A low-cost, effective Differential Multi-Ventilation system for use against COVID-19
Ventilator shortages within Canada’s healthcare system have become a problem of immediate concern during the COVID‑19 pandemic. One solution for the emerging need for additional ventilator capacity is to share a ventilator between multiple patients, called multi-ventilation. This strategy has been used in New York and has received crisis approval by Health and Human Services and the Federal Drug Administration. However, the multi-ventilation system has been restricted for use in major medical organizations due to potential safety risks such as trigger issues between the patients sharing a ventilator.
This research project proposes a state-of-art system that enables us to overcome possible safety risks to expand ventilator capacity. A low-cost and effective Differential Multi-Ventilation (DMV) system allows us to permit individualized settings for patients sharing a ventilator by utilizing flow restrictors, sensors, and a controller that allows adjustment and monitoring of inspiratory and expiratory parameters. The DMV system, which consists of 3D-printed adjustable Positive End-Expiratory Pressure (PEEP) valves, can be a cost-saving, configuration-flexible, multi-dimensional alternative. Combining adjustable PEEP valves with sensors, bypass circuits, and a controller will allow us to increase ventilator capacity, reduce the production cost, and provide improved quality patient care compared to the traditional system.
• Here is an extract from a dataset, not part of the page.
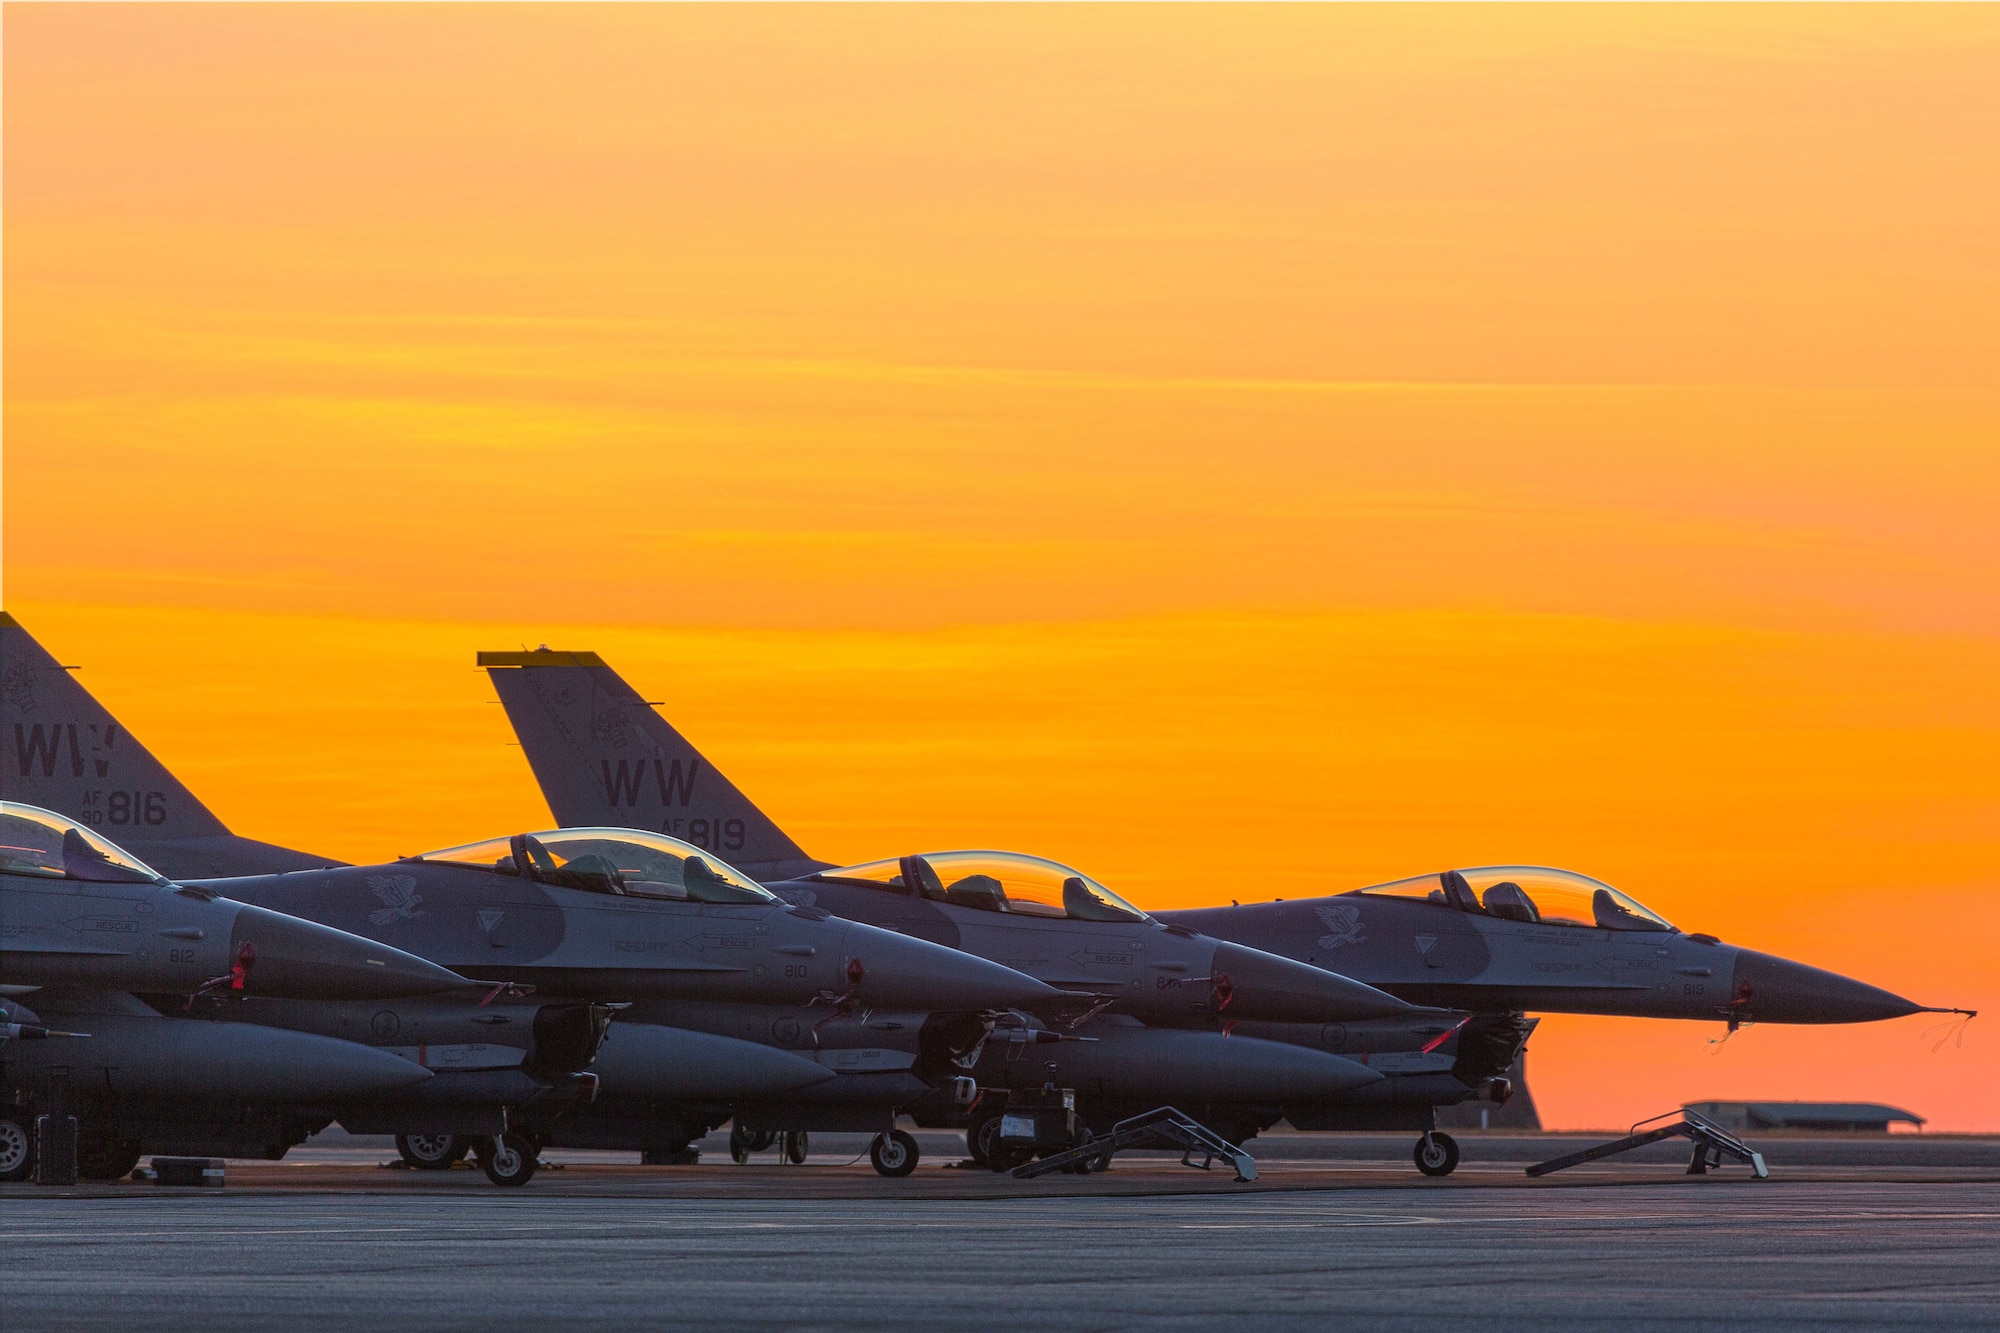 A line up of U.S. Air Force F-16Cs, assigned to the 14th Fighter Squadron, Misawa Air Base, Japan, sit on the tarmac at Royal Australian Air Force (RAAF) Base Darwin during Exercise Pitch Black 16, August 4, 2016. Pitch Black is a biennial multinational air warfare exercise hosted by the RAAF that focuses on offensive counter air and defensive counter air combat in a simulated war environment.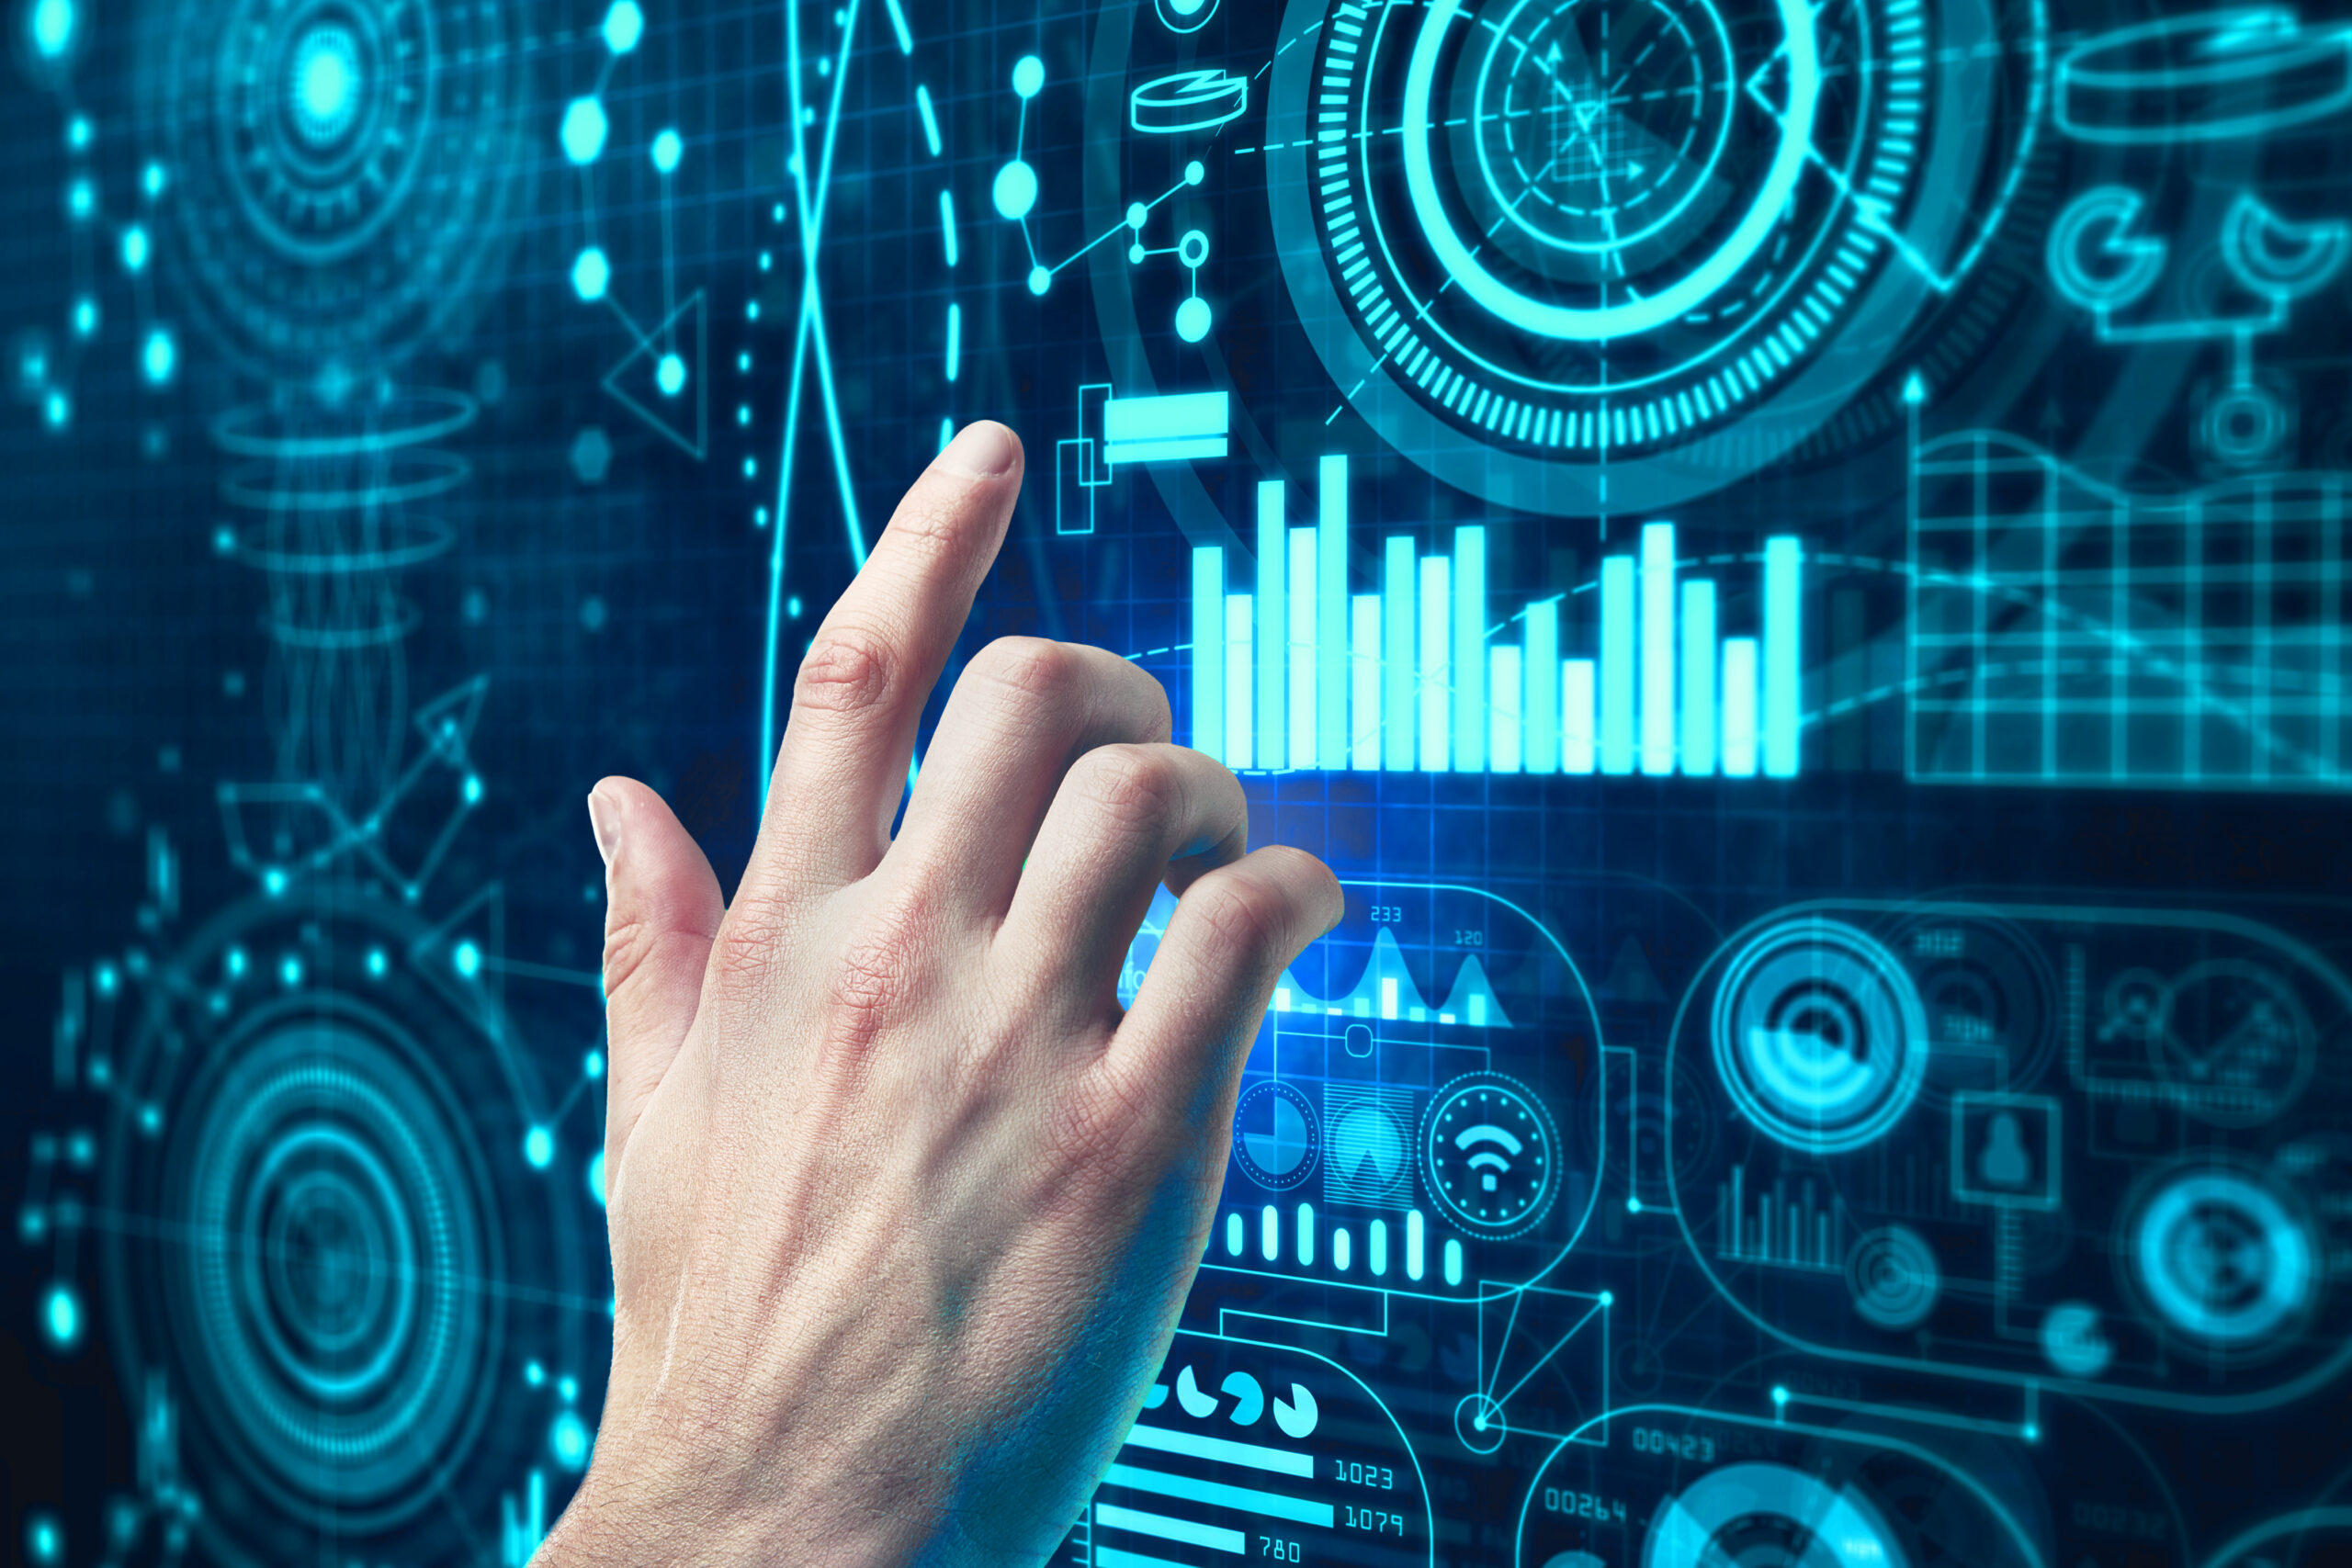 A hand touching a holographic interface with data analytics visualization, symbolizing Entrapeer's innovative approach to market research for startups as discussed in the blog titled '4 Ways Entrapeer Revolutionizes Market Research for Startups'

The proposed objectives of this research are to understand the system’s fluid dynamics and to improve upon the ventilations’ current structural challenges. This project’s novelties lie in the analysis of the DMV’s design parameters, optimization using a genetic algorithm, the application of micro-electromechanical system (MEMS) sensors, a pre-compensation algorithm, and the physical model. This proposal’s outcome also provides a configuration guideline, a monitoring and control module, and DMV dynamic simulation software.